Related other research
(Brooks)

Brooks continued researching advanced visualization technology, in particular, immersive virtual environments, work also funded in major parts by ONR and NIH. The science this year was focused on measuring the effects of various system parameters on virtual environment effectiveness. Students not supported by the ITR but under Brooks's direction:

(1) Studied the effects of various approximate lighting models on subjects' sensations of presence and their task performance. A major finding is that subjects performed as well with OpenGL lighting as with the more costly and more realistic global illumination. This was quite a surprise. This work by Paul Zimmons yielded a Ph.D. dissertation.

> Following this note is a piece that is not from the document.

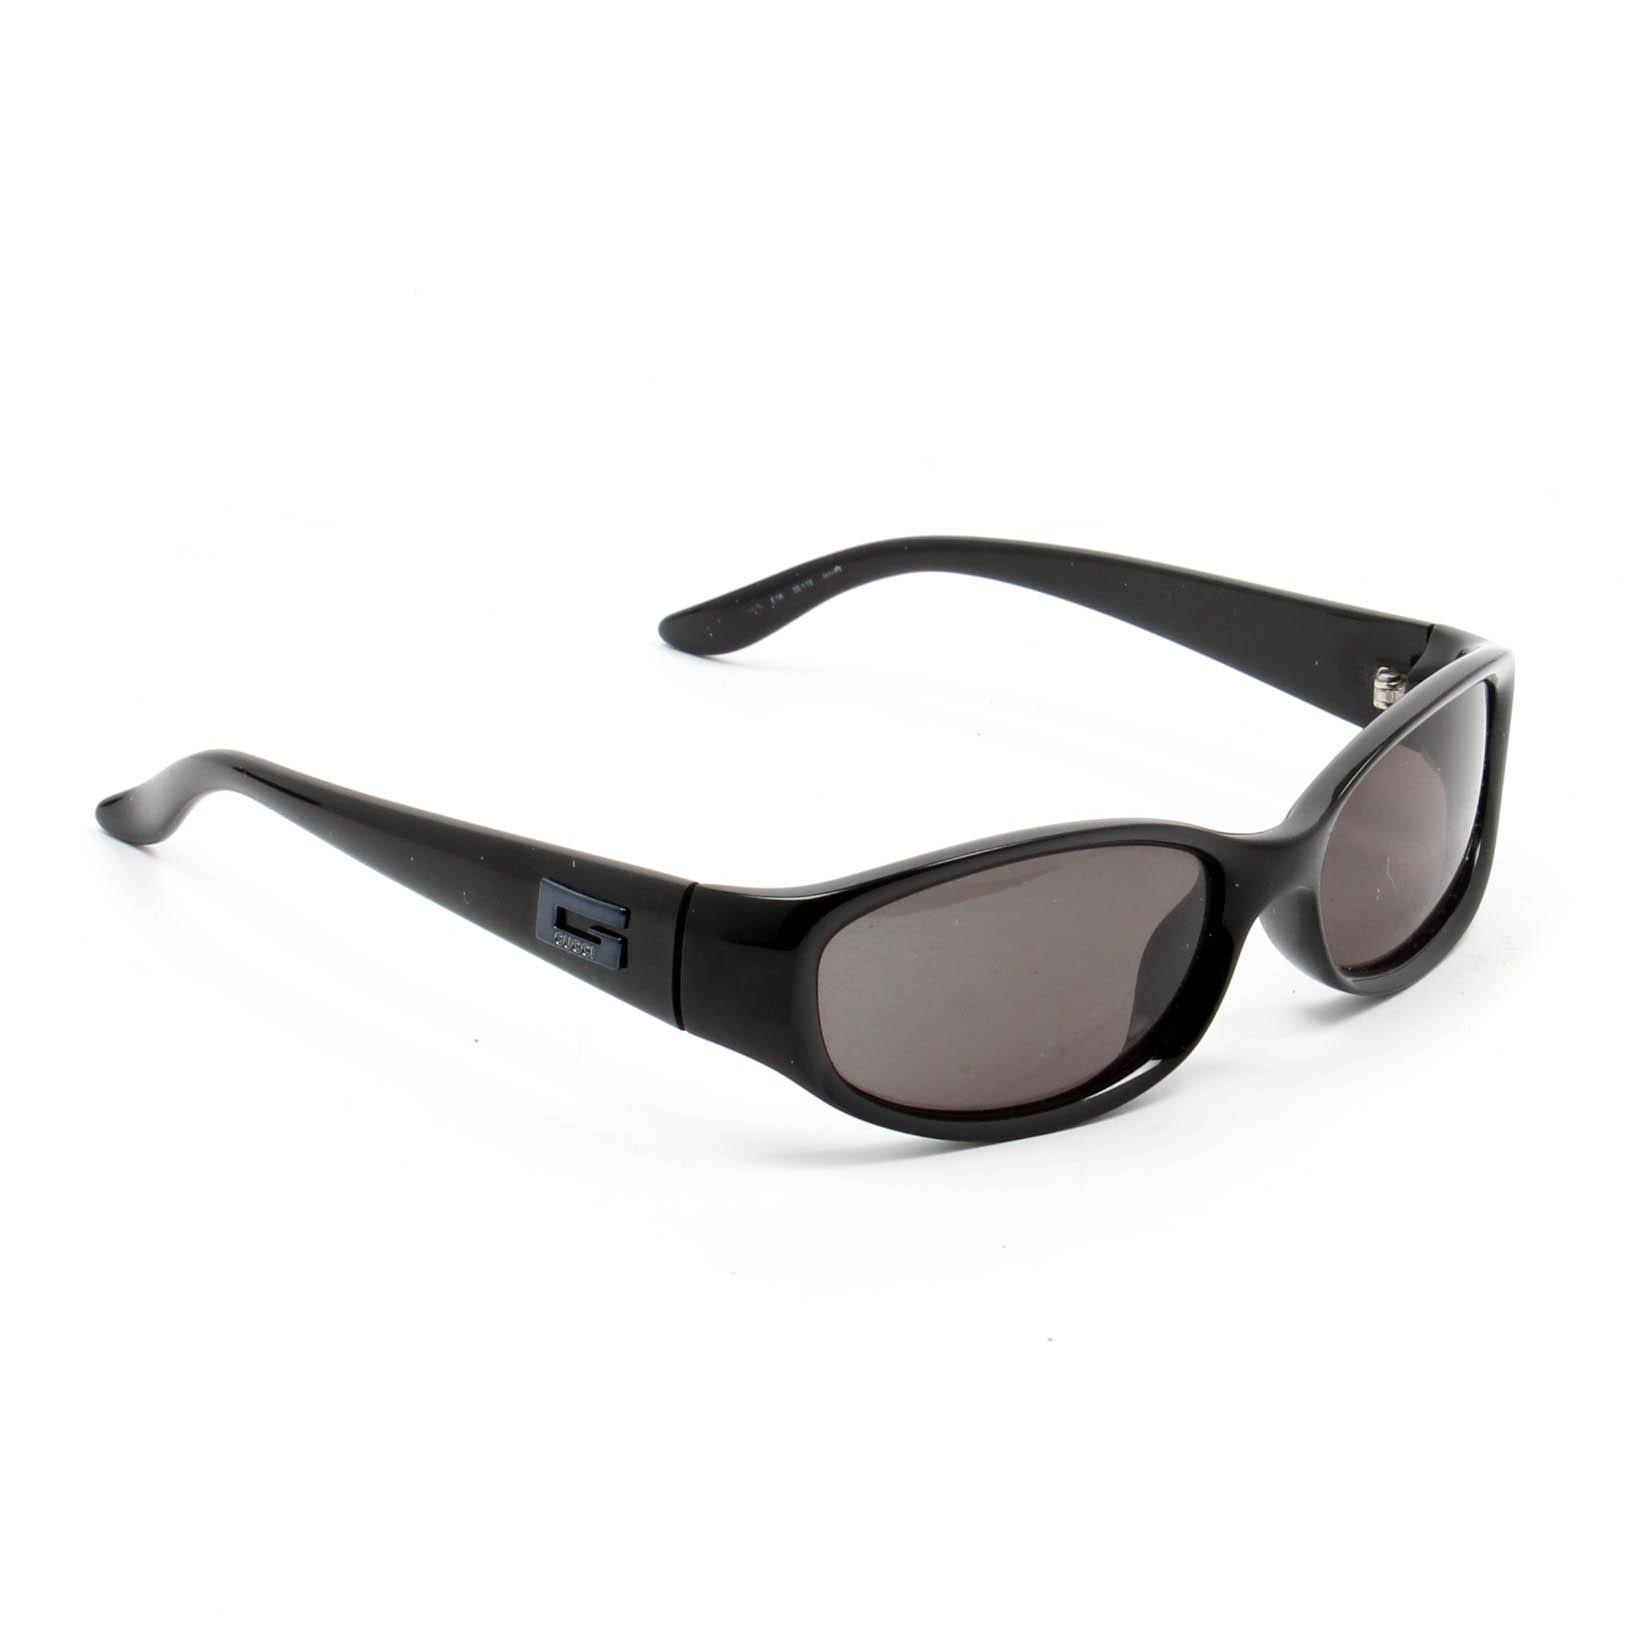 Gucci Black Acetate Sunglasses

(2) Studied the effects of various 3-D sound models on subjects' sound-source-location performance. For an anechoic environment, subjects performed as well with the DirectX sound as with full 3-D sound, also surprising. Studies with echoic environments, which might very well change things radically, will be done next year.

(3) Studied the degree to which subjects walking and stopping at barriers in a virtual world have the same trajectories as in normal real-world walking and blindered real-world walking that simulates the field of view in virtual worlds. As hoped, subjects who really walk about in a virtual environment do it with essentially the same velocity and direction profiles as in the real world, but somewhat slower.

(4) Studied data-driven Gaussian colored dots, static and moving, as a way of visualizing multiple functions of x,y defined on the same terrain. The object of such visualization is to make each layer separately understandable while enabling correlations among layers to also be evident to the viewer. Alexandra Bokinsky showed in her Ph.D. dissertation that up to nine static layers can be effectively studied, discriminated, and correlated by her technique. Moving Gaussian dots work even better.